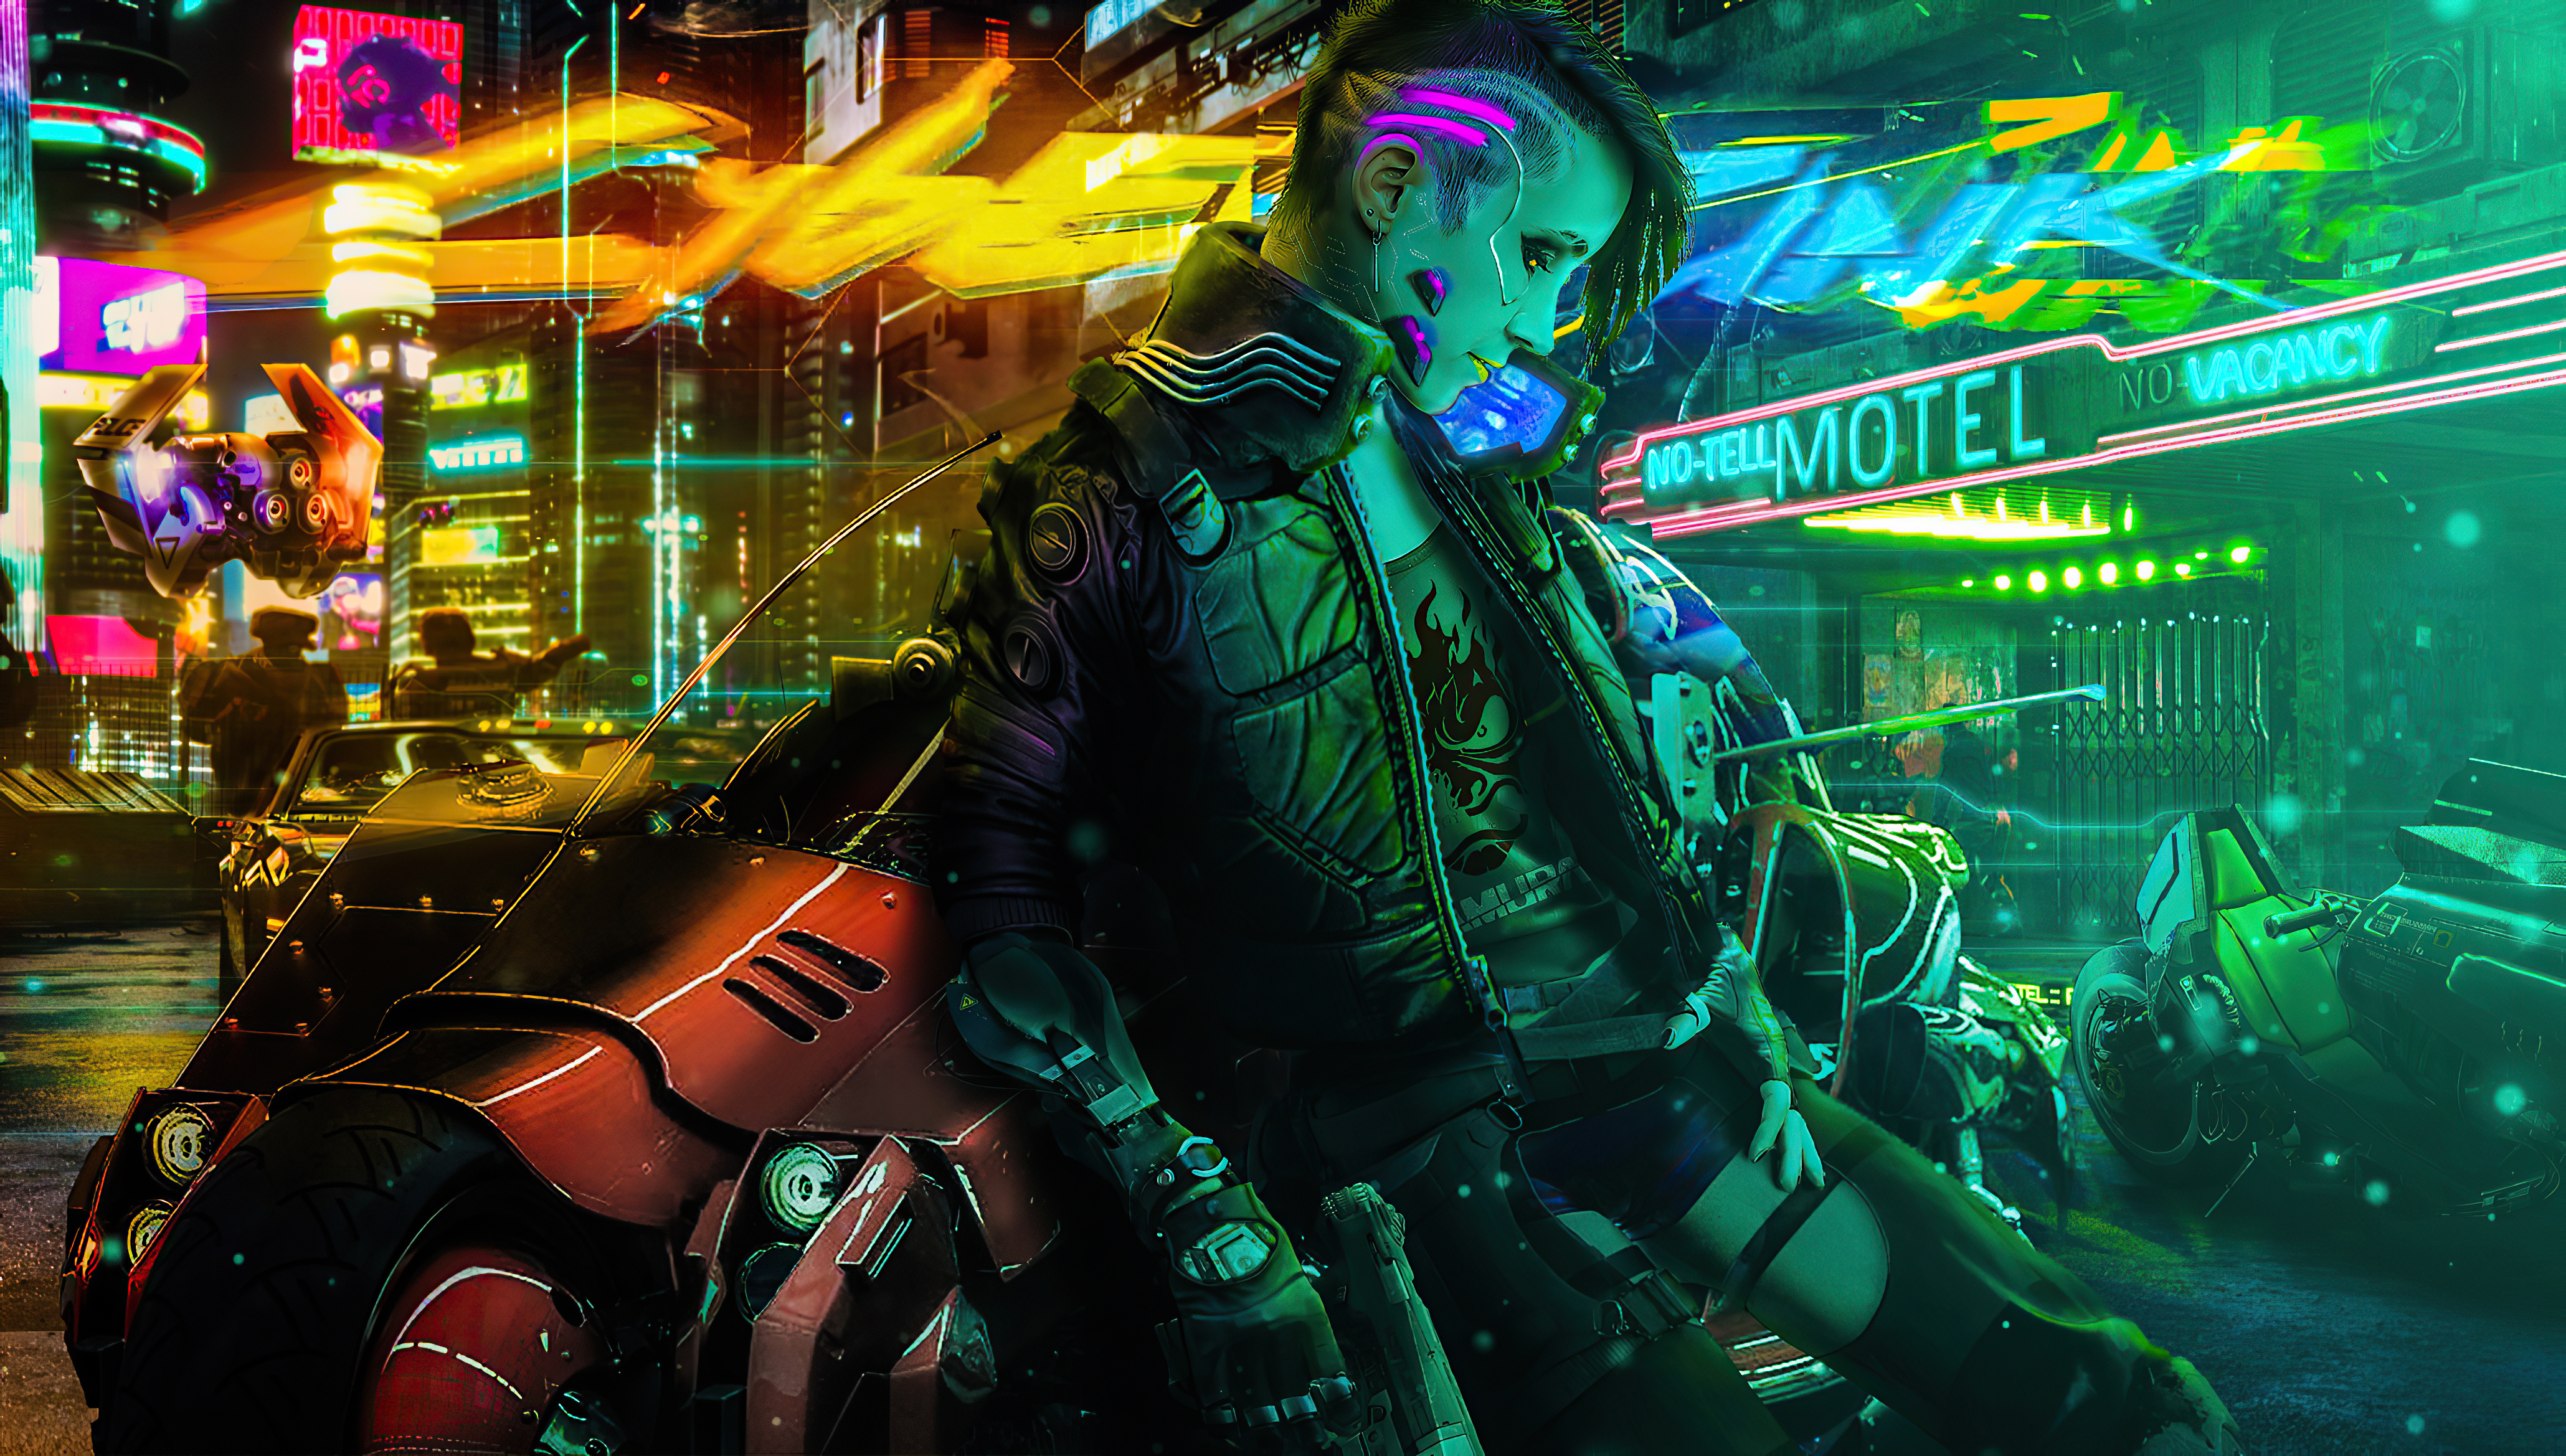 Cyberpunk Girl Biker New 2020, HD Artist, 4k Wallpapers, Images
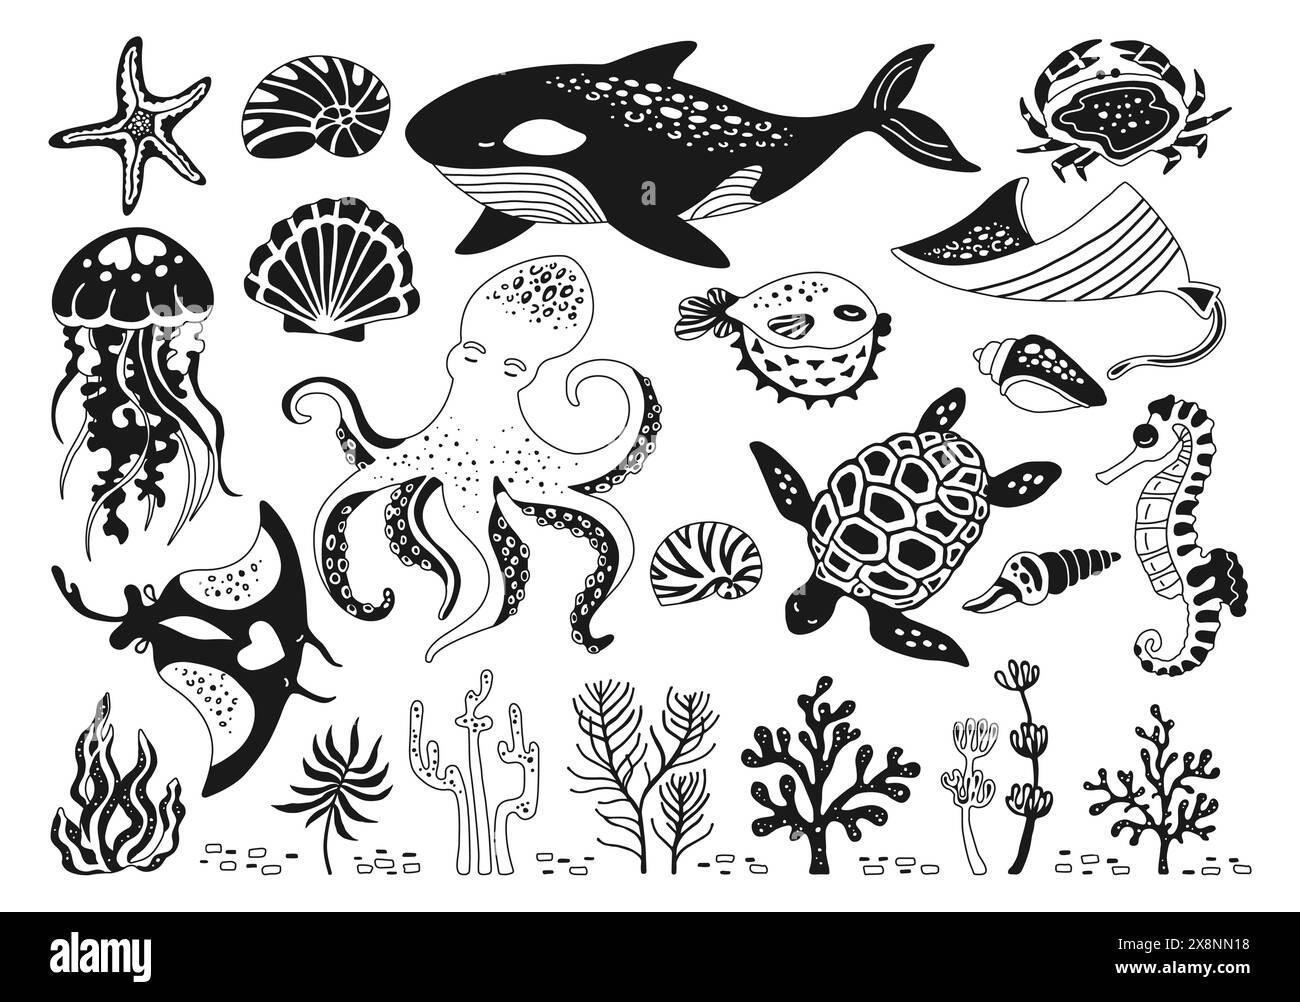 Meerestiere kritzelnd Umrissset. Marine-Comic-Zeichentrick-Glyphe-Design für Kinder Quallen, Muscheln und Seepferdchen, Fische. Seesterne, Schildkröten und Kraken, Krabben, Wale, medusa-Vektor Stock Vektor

==

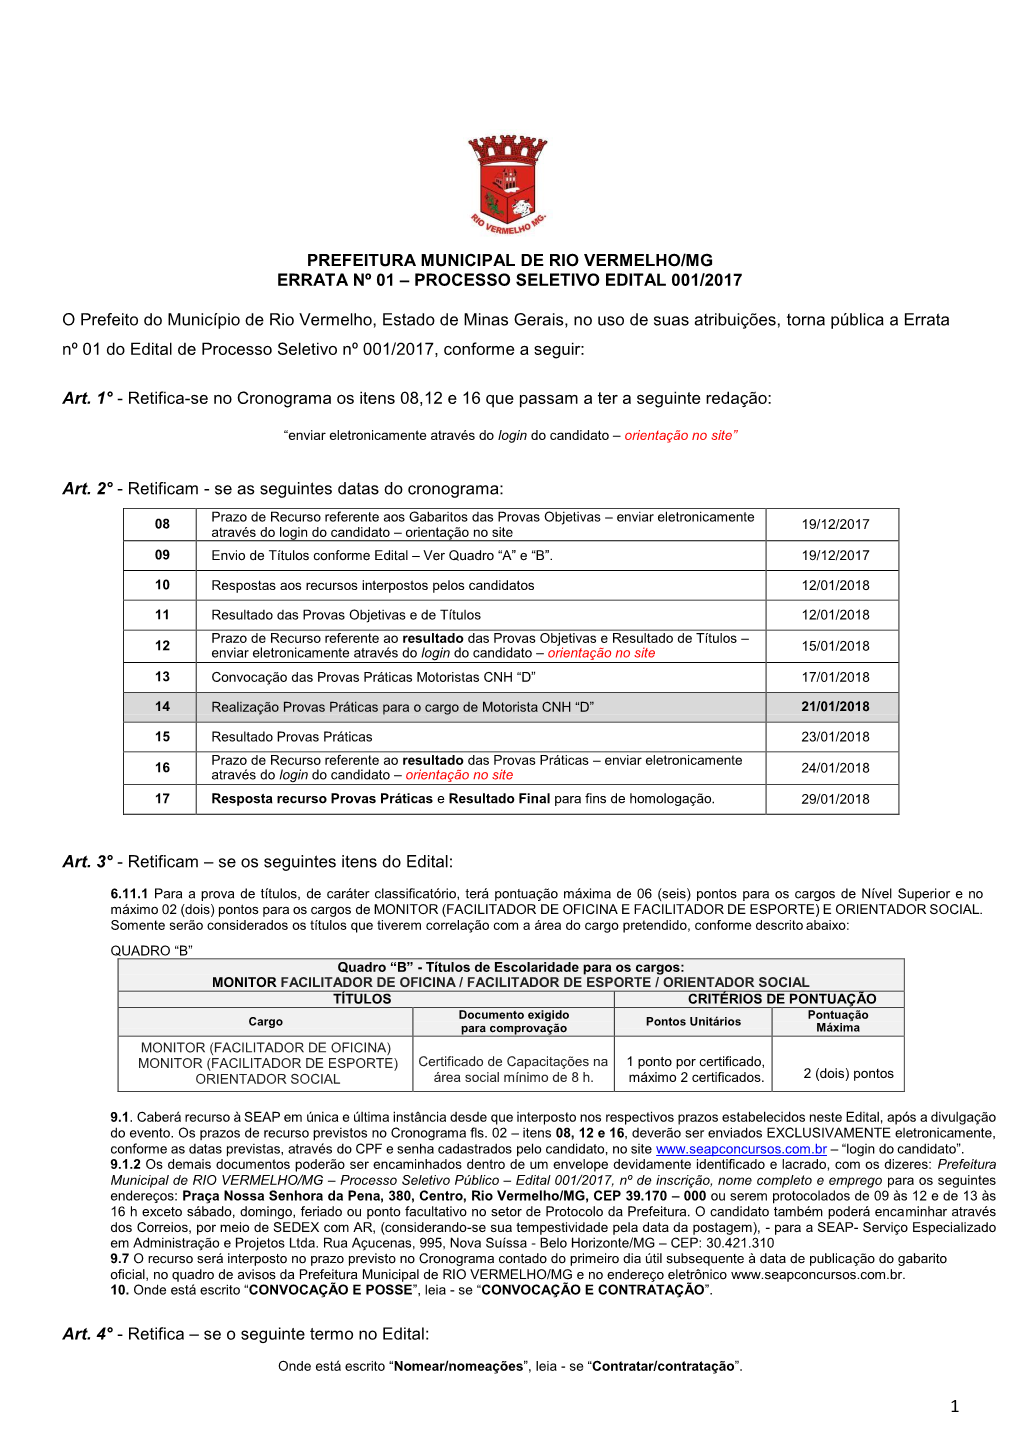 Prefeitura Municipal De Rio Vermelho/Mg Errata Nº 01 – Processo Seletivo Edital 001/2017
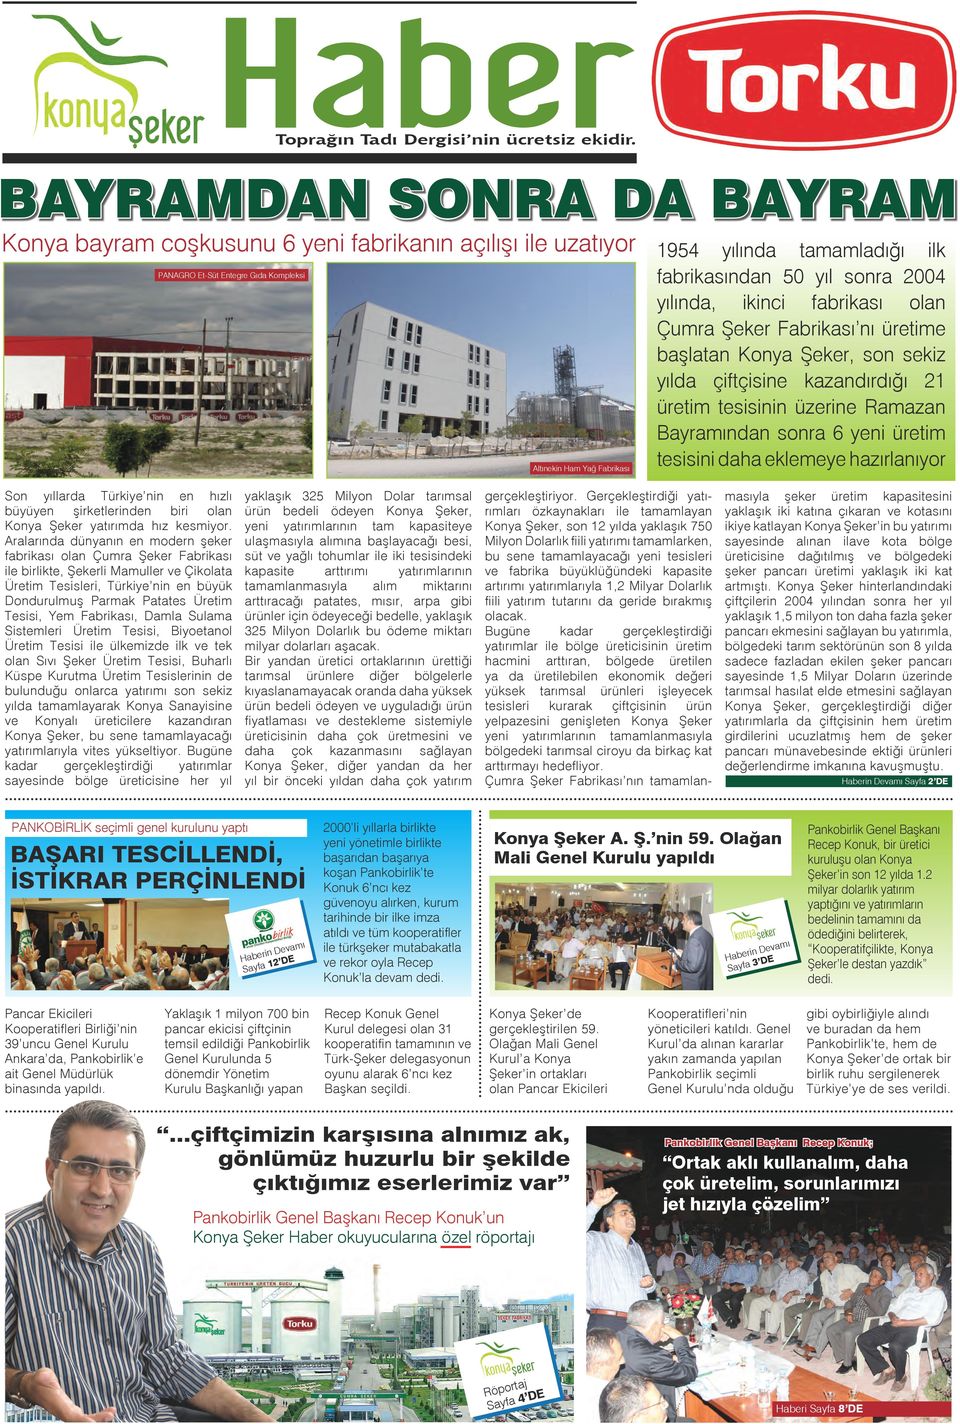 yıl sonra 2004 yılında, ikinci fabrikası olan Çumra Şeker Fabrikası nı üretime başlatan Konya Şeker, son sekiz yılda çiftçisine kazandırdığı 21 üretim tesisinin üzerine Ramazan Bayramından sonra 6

> [Your task] Output should consist of the lines above from the one with "Prefeitura Municipal De" down to the one with "yıl sonra 2004", exact and without pictures.

> [Answer]
 Prefeitura Municipal De Rio Vermelho/Mg Errata Nº 01 – Processo Seletivo Edital 001/2017
 yıl sonra 2004 yılında, ikinci fabrikası olan Çumra Şeker Fabrikası nı üretime başlatan Konya Şeker, son sekiz yılda çiftçisine kazandırdığı 21 üretim tesisinin üzerine Ramazan Bayramından sonra 6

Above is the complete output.